Correlation - Relation among attributes in the dataset
range of correlation is **-1 to 1**
 + +ve Correlation - Range (**0 to 1**)
 + -ve Correlation - Range (**-1 to 0**)
 + 0 Correlation - Range (**0**)

### 4. Outlier Treatment

+ Identifying data points that deviate significantly from the rest.
+ Outliers can distort averages and models.
+ Methods: IQR rule, Z-score, capping, transformation.

### 5. Missing Value Transformation

+ Checking for incomplete data and deciding how to handle it.
+ Options: remove rows, impute values, flag missingness.
+ Example: Missing age in a survey → replace with mean/median or keep as "unknown."

--> Dataset build with numberical data & categorical data

If numerical data is messing then we need to implement
+ mean strategy
+ median strategy
+ mode strategy

If categorical data is messing then we need to implement 
+ mode strategy
+ knn strategy(k nearest neighbour)

#### Example

![Screenshot 2025-08-31 205424.png](attachment:cdbab12c-452a-4687-ae8a-6c0822dcfec8.png)

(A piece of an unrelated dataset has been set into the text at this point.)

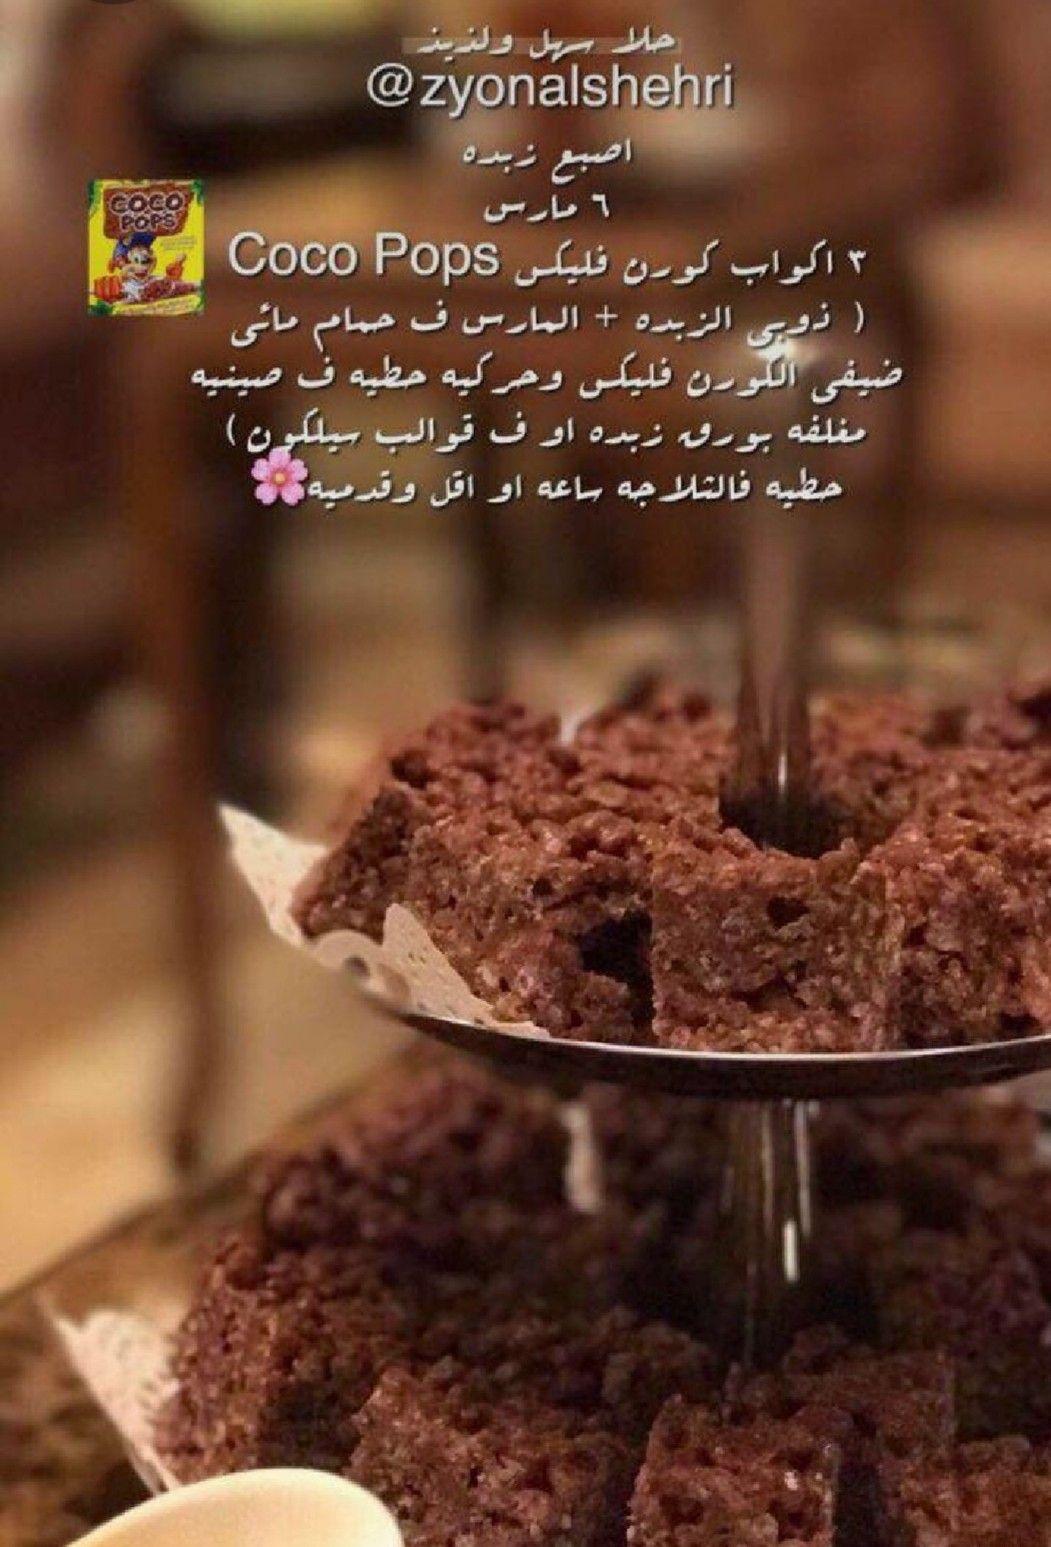 Pin By شوق On منوعات In 2020 Sweet Recipes Arabian Food Food

### Table 1: Mean Imputation for Numerical Data
For the numerical 'NUMBERS' column, mean imputation is used.

This method involves calculating the average (mean) of all the known values in the column and then using that average to fill in the missing spots. This is a quick and common technique for numerical data.

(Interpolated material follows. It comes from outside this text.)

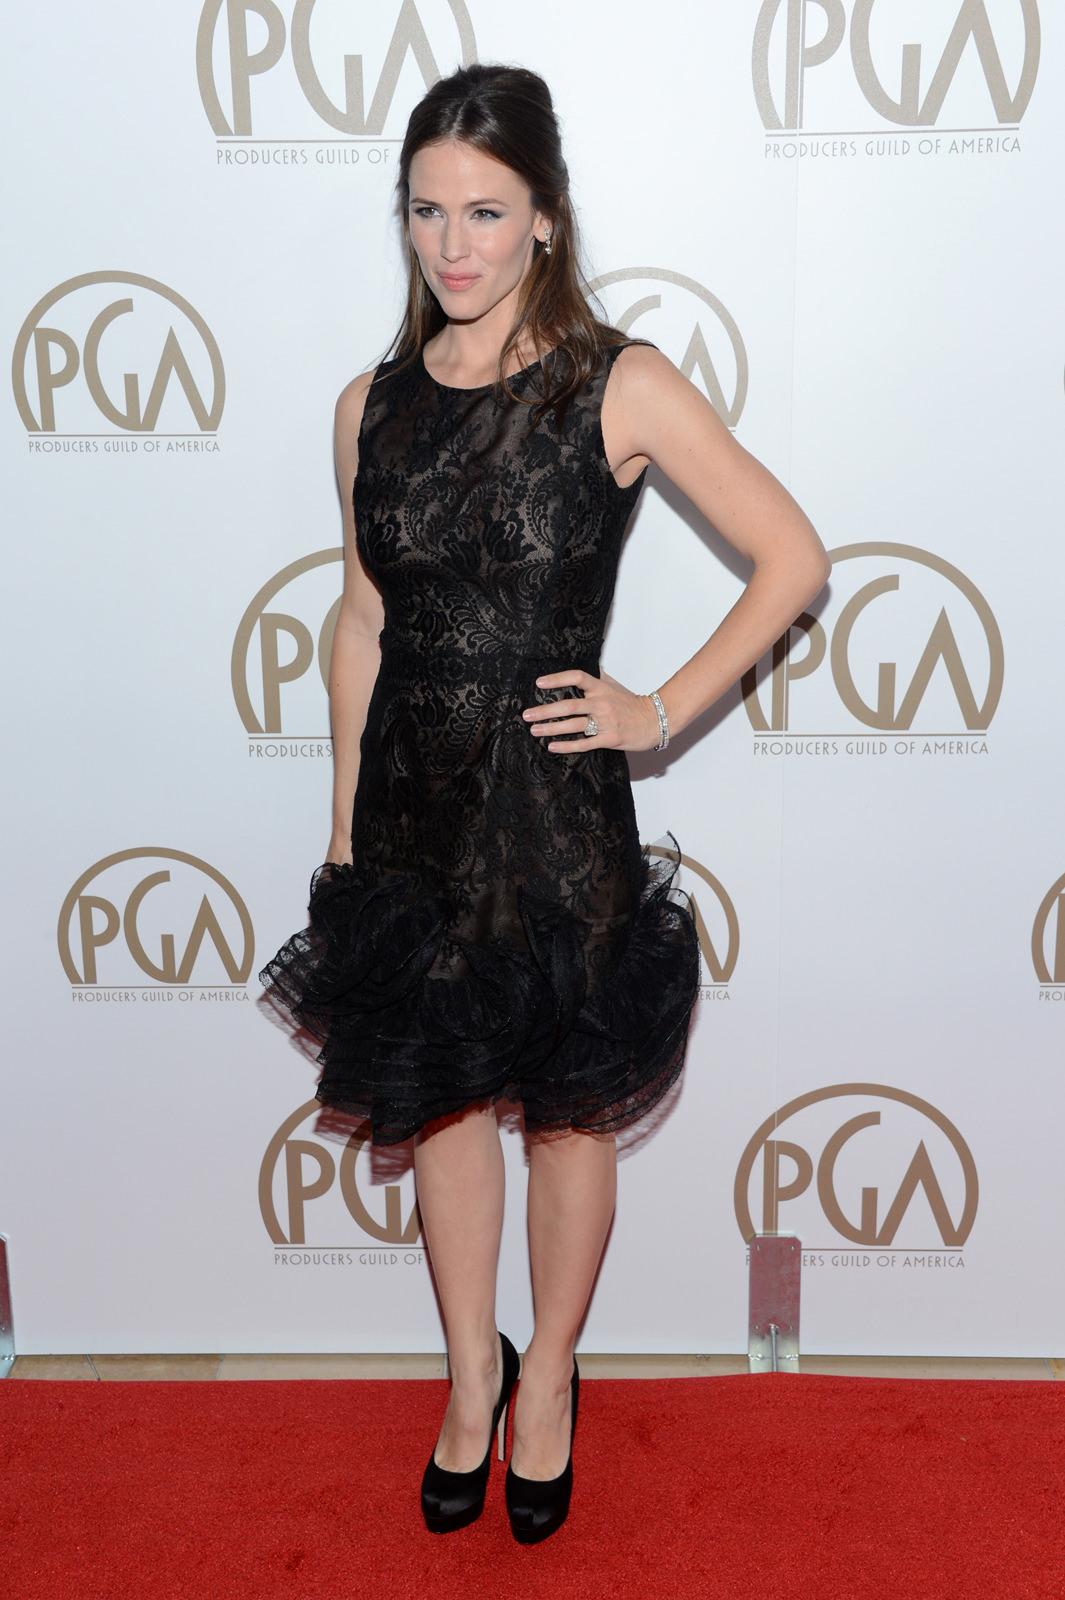 Jennifer Garner Photo Gallery

+ Calculation: (5 + 10 + 23 + 33 + 20 + 50) / 6 = 141 / 6 = 23.5
+ Result: Both missing values are replaced with 23.5.
---
### Table 2: Mode Imputation for Categorical Data
For the categorical 'SEASON' column, mode imputation is applied.

This technique involves finding the most frequently occurring value (the mode) in the column and using it to fill the missing entry. It's the most straightforward approach for categorical data.

+ Analysis: "Summer" appears 3 times, while "Winter" and "Rainy" each appear twice.
+ Result: The mode is "Summer," so the missing value is imputed as "Summer."
---
### Table 3: K-Nearest Neighbors (KNN) Imputation
Here, the 'SEASON' column has a tie; "Summer," "Winter," and "Rainy" each appear twice. Simple mode imputation isn't effective. Therefore, a more advanced method, K-Nearest Neighbors (KNN) Imputation, is used.

KNN imputation predicts the missing value by looking at its "neighbors"—the other data points that are most similar to it. In this case, similarity is determined by the 'TEMP' column.

+ Goal: To find the missing 'SEASON' for the row where 'TEMP' is 18.
+ Process (with k=1): The algorithm finds the single data point (k=1) with the 'TEMP' value closest to 18.
    +  The temperature closest to 18 is 14.

    + The season corresponding to the temperature 14 is "Rainy."
+ Result: Based on its nearest neighbor, the missing value is imputed as "Rainy."

### 6. Imputation or Transformation

+ Imputation = filling missing values (mean, median, regression, KNN).
+ Transformation = applying mathematical changes (log, square root, scaling).
+ Purpose: stabilize variance, improve normality, or reduce skewness.

TRANSFORMER -- Trasform categorical data numerical data to build ml model. Transformer also called as **IMPUTEATION TECHNIQUE**

NLP -- This technique is called **EMBEDDING**.

Transformer are of 3 types -->
1. DUMMY VARIABLE 
2. LABEL ENCODER
3. ONE HOT ENCODER

### 7. Variable Creation (Feature Engineering)

+ Creating new variables from existing ones to capture more information.
+ Example: From “Date of Birth” → create “Age”
+ Increases predictive power of models.